My mother died in 1984 at the age of 48. The Asbestos Hazard Emergency Response Act was passed in 1986. I was a sophomore in college at the time of her death and upon graduation, chartered a path to the Ph.D. In truth, I am a willing surrogate and proxy, standing in for my mother and for her early dream of being in academic service to students. She inspired me to help others fall in love with the gift of learning; to care for the whole person; and to reach beyond your circumstances. I am honored to have fulfilled her dream while embracing and living it as my own.
Still captivated by ‘mystery’ of physics
Giulia Semeghini, Assistant Professor of Applied Physics Harvard John A. Paulson School of Engineering and Applied Sciences
The major influence in my career path as a physicist was a scientific exhibit I attended when I was in high school. I was generally good in math and sciences in high school but wasn’t really interested in physics until that moment. The exhibit was mainly about physics, and the speaker was passionate about it; he was the person that made me see what physics is about; a field that allows you to look deeper into what happens around us and understand why things behave the way they do.
In college, the professor who taught me quantum physics inspired me to study this field. I remember the first class; I was fascinated by what he was telling us, and by this field that was completely new to me. I felt enthralled, and again a key part of this was the professor’s enthusiasm and curiosity. The way he was explaining quantum physics was as if he was revealing a mystery, and that feeling of awe remains in me even after many years. During my Ph.D. and first postdoc at the University of Florence, I had two advisers who had a huge influence on me. They helped me see what it means to ask the right questions and find creative ways to seek the answers.

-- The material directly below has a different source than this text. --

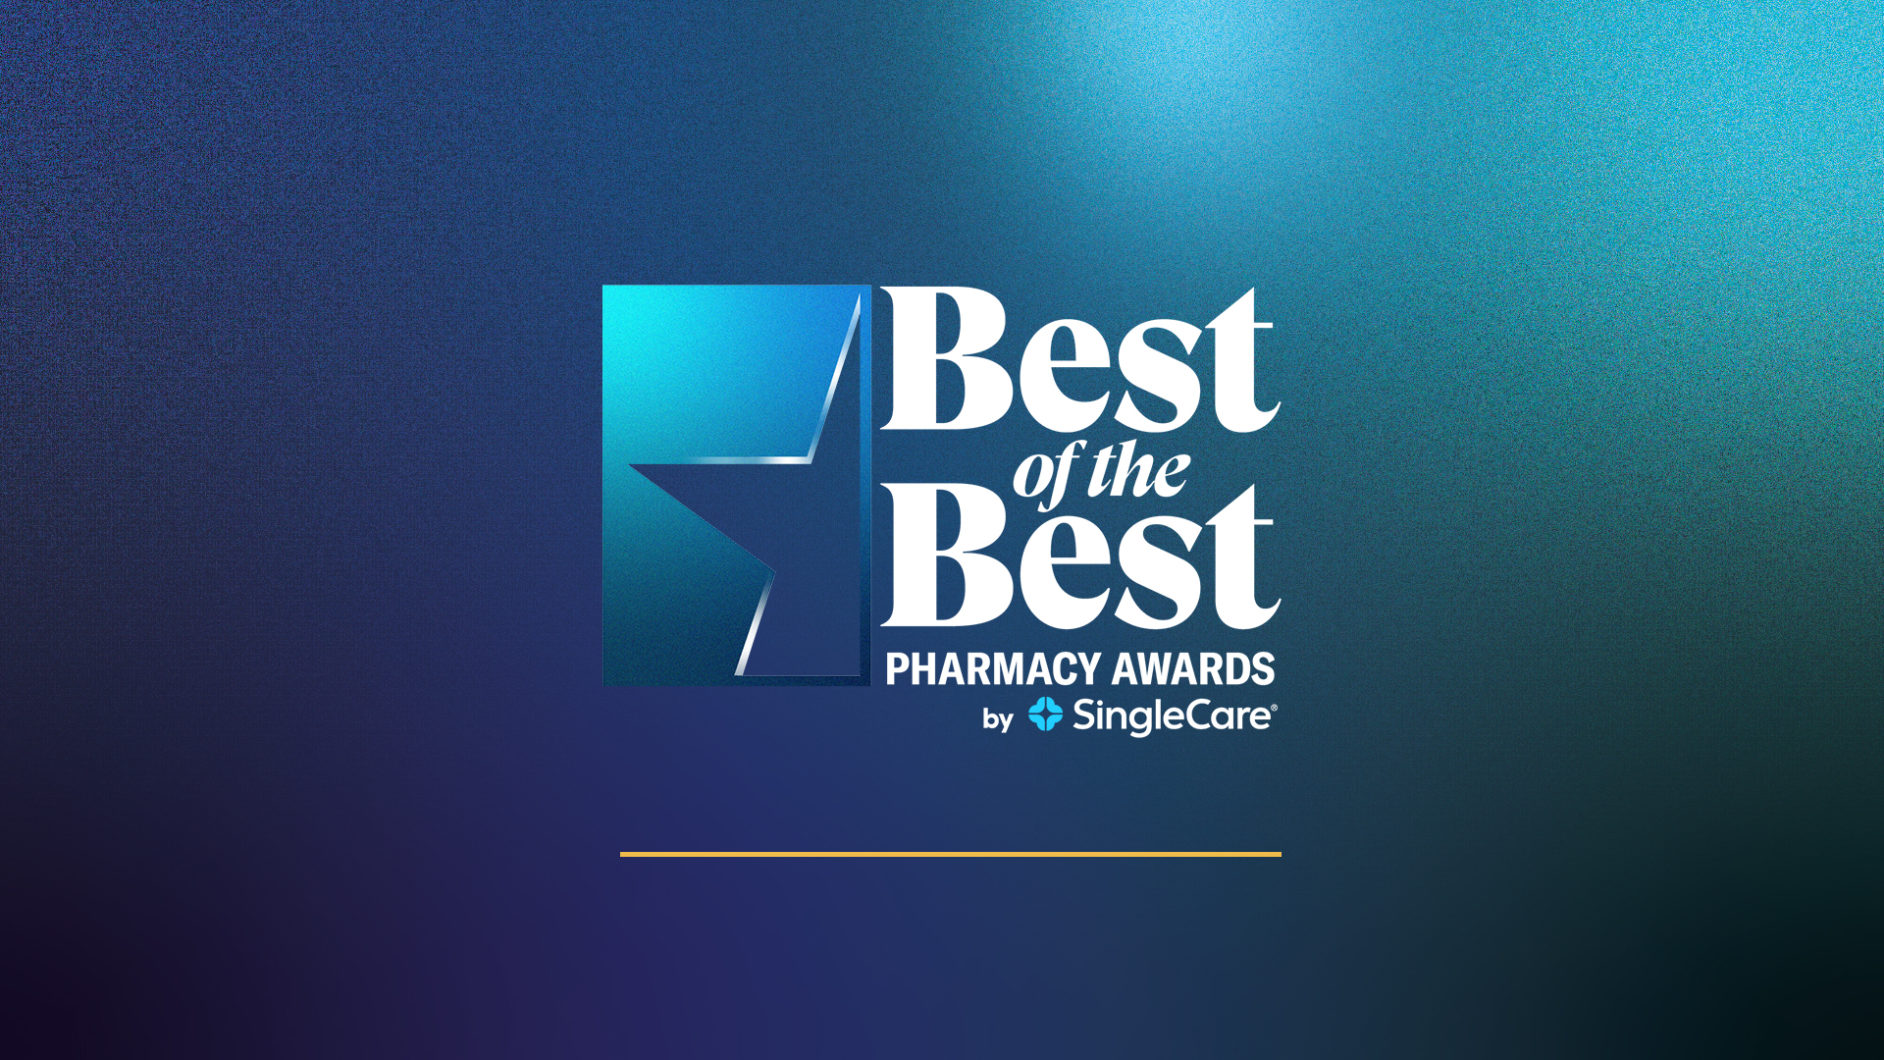 SingleCare pharmacy awards program logo

They also helped me understand my talents and value my contribution to research.
Sometimes the way teachers teach physics in high school is a little bit dry and not very interesting. It’s about learning formulas. To students who may have an intuition that physics might be something of interest for them, I’d say that they should try to explore it outside school and try to meet people that practice physics.
Book ‘radically changed’ approach to education
Junlei Li, Saul Zaentz Senior Lecturer in Early Childhood Education; Faculty Co-Chair, Human Development and Education Program, Harvard Graduate School of Education
I was trained, like most Ph.D.’s in my profession, to find and fix what is wrong in the fields of human development and education. My work in early childhood started in orphanages — the culmination of “what went wrong” from society to community to family. “The Power of Positive Deviance,” a book that was influential in my career path, takes a very different approach. It is about having the kind of respect and trust for communities to discover what is going well even in the most difficult contexts. It radically changed how I approach my field — it taught me to honor the expertise and wisdom of those who are already on the front lines of any difficult work. It led me to learn from villagers who fostered children with severe disabilities, childcare providers in low-income communities, and social workers in youth group homes. Eventually, I sat down with one of the co-authors — Monique Sternin, a graduate of our Graduate School of Education — at Harvard Square and thanked her for all that she did and shared in that book.